Base da interpretaçãoA perícia nos processos fiscais está disciplinada no Decreto 70.235/1972 — no artigo 16, inciso IV —, em soluções de consulta e em acórdãos do Carf. Em um deles, as perícias foram justificadas da seguinte forma: "em matéria de alta complexibilidade científica, como é o caso do setor de informática, a fiscalização deve se valer da perícia técnica para comprovar suas eventuais suspeitas de incorreção quanto a classificação fiscal do produto importado".
A impossibilidade de o contribuinte interferir nesse procedimento ficou clara no acórdão 3101-000.543 da 1ª Turma da 1ª Câmara da 3ª Seção do Carf, que definiu ser a perícia "atividade fiscal da fase inquisitória do procedimento de determinação da exigência do crédito tributário, em que não há necessidade de quesitos [perguntas] por parte do importador'. Por outro lado, o Carf definiu ser "incabível a aplicação de multas de ofício relativas a exigência de imposto apurado em razão de desclassificação tarifária, quando o produto encontra-se corretamente descrito pelo importador".

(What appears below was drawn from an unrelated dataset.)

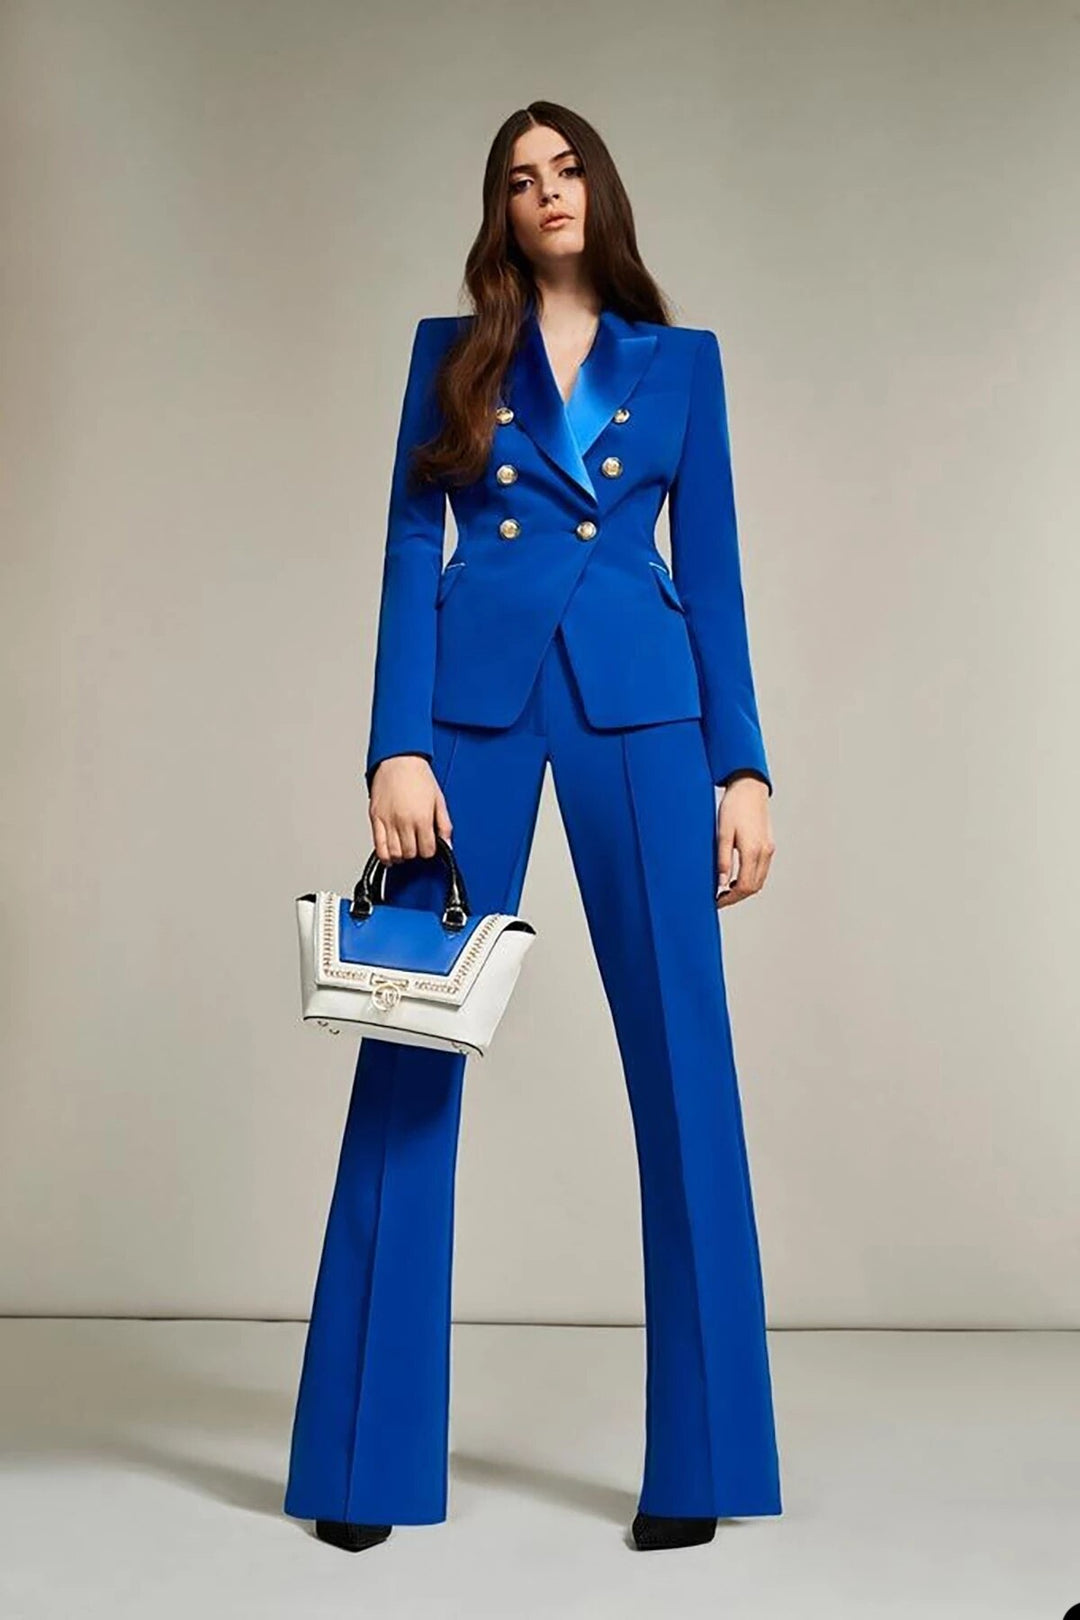 Miranda Royal Blue Double-Breasted Women Flared Pants Suit - ENE TRENDS -custom designed-personalized- tailored-suits-near me-shirt-clothes-dress-amazon-top-luxury-fashion-men-women-kids-streetwear-IG-best

Pesquisa feita pela tributarista Luciana Tambellini na jurisprudência do Carf não retornou resultados favoráveis ao contribuinte nos casos de erro de classificação. "Não importa se o importador agiu de boa ou má-fé. Segundo as decisões, o erro é objetivo e gera, no mínimo, multa, sem prejuízo do tributo não recolhido", diz.
Em 2009, a Solução de Divergência 6 da Receita Federal deu nova interpretação para a classificação de componentes de computadores. Segundo o entendimento, placas de vídeo passaram a ser enquadradas como "outras unidades de máquinas para processamento de dados". Essa mudança levou o Imposto de Importação de 0% para 15% e o IPI de 2% para 16%. "Essas placas ficaram 30% mais caras ao consumidor", afirma o advogado André Luiz dos Santos, sócio da área tributária do Tostes e Associados Advogados.
Em novembro, o escritório preparou um parecer questionando a mudança. "O entendimento da Receita não pode redundar em majoração de alíquota sem edição de lei com sentido estrito, o que viola o princípio constitucional da legalidade estrita em matéria tributária", diz Santos. "Além disso, o contribuinte não pode se surpeender com inovações por parte de regulamentos ou interpretações da Receita ou mudanças de critério que causem ônus a quem recolhe."
Contra o relógioA burocracia atrapalha ainda mais quando os produtos dependem de autorização especial para entrar no país. É o caso de artigos têxteis, brinquedos e papel, por exemplo, que necessitam de licenças de importação. Algumas licenças que eram de responsabilidade direta da Secex hoje são emitidas pelo Banco do Brasil. Por lei, o órgão emissor tem até 60 dias para expedir a autorização, mas o mercado estava acostumado com prazos bem menores.
"Despachos aduaneiros, via de regra, saíam em sete dias úteis e, em alguns casos, em 48 horas", conta Felippe Breda. Segundo ele, o Banco do Brasil tem demorado até 20 dias para cumprir a rotina. "O produto fica no porto dando causa a mais taxas de armazenagem, isso quando não se trata de mercadorias que não podem sair do contêiner, o que significa pagar mais aluguel ao navio." A justificativa para a diferença, segundo o advogado, é a falta de material humano e de experiência aos técnicos do banco.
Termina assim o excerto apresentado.